DATASET EXCERPT:

BEGIN

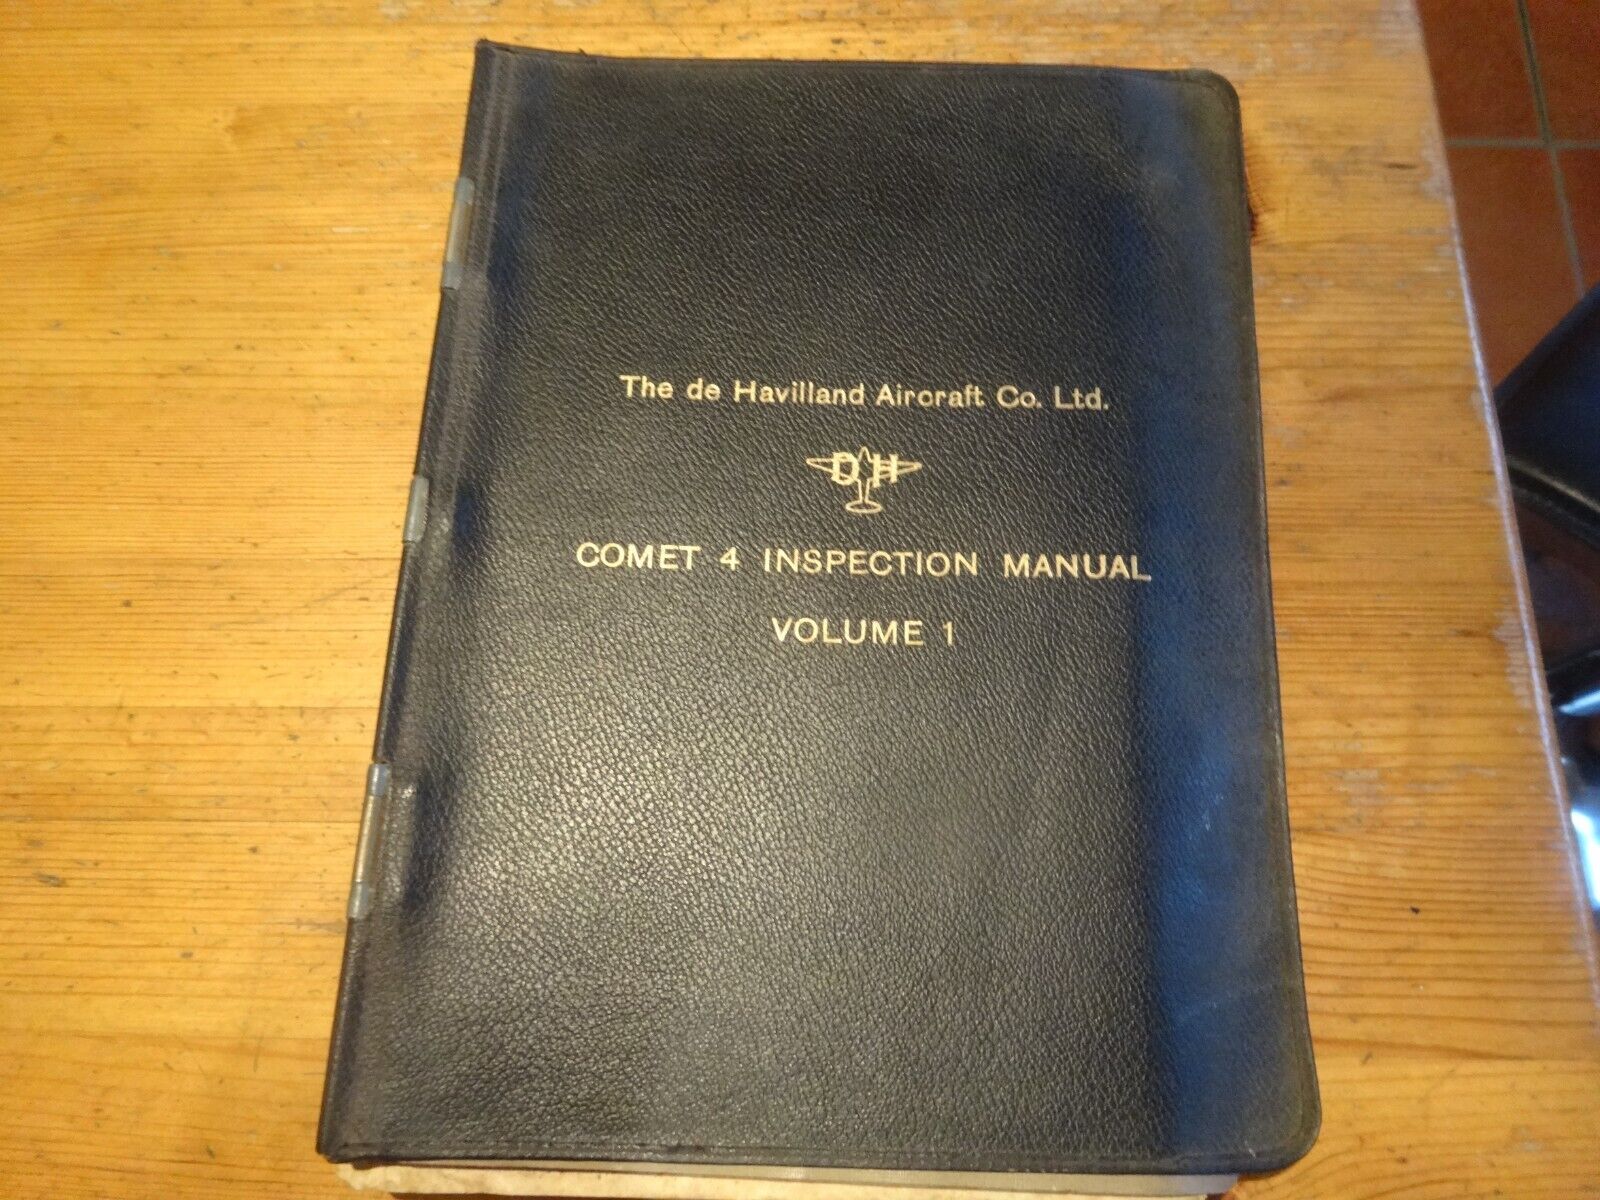 De Havilland Aircraft Co. Comet 4 Inspection Manual Volume 1 - 1957-59
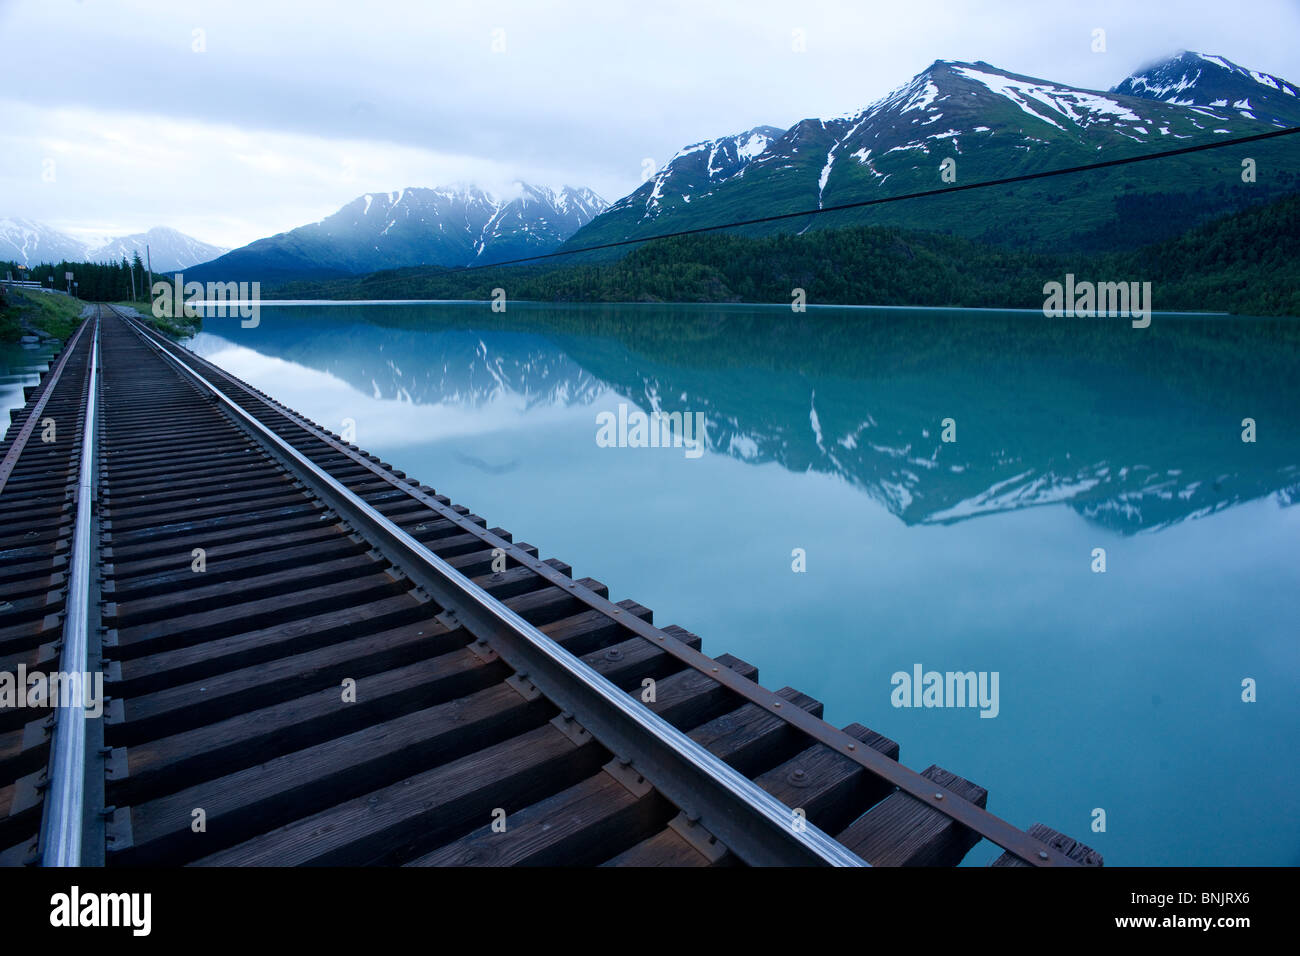 Vagt lake Railroad Tracks and Mountains of the Chugach National Forest Alaska Stock Photo
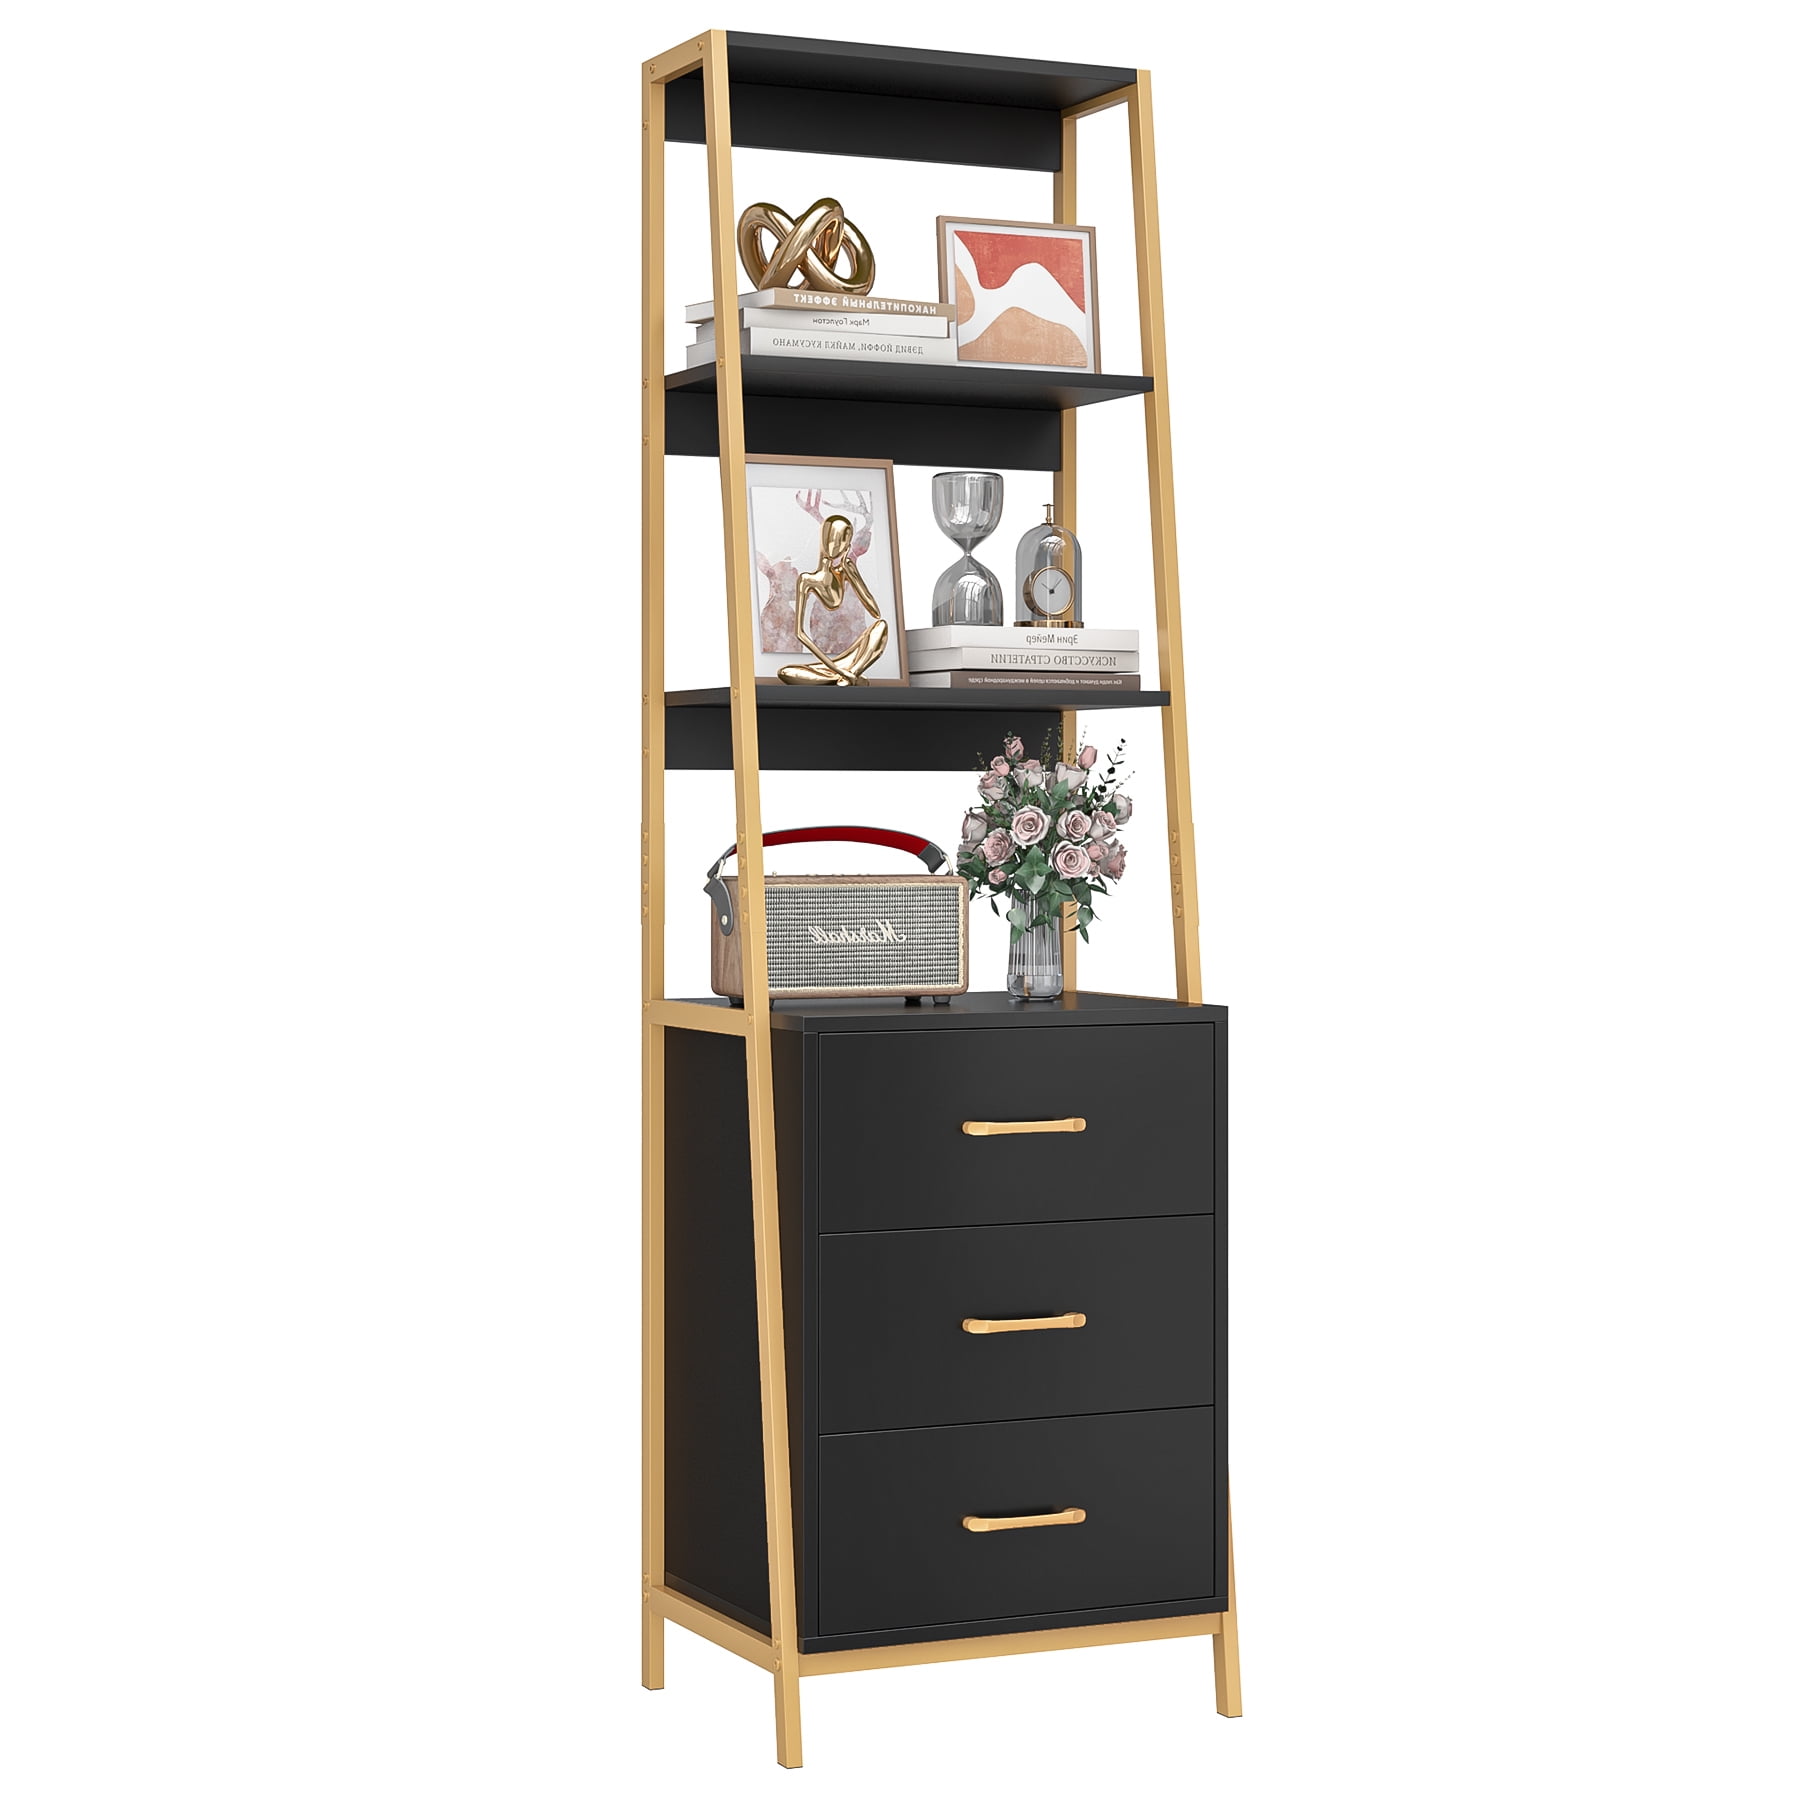 Hombazaar 3-Tier Bookshelf, Rustic Industrial Style Bookcase Furniture, Free Standing Storage Shelves for Living Room Bedroom

END

Every line above must appear in the answer unchanged, and no picture may appear in it.

RESULT OF THIS TASK:
 De Havilland Aircraft Co. Comet 4 Inspection Manual Volume 1 - 1957-59
 Vagt lake Railroad Tracks and Mountains of the Chugach National Forest Alaska Stock Photo
 Hombazaar 3-Tier Bookshelf, Rustic Industrial Style Bookcase Furniture, Free Standing Storage Shelves for Living Room Bedroom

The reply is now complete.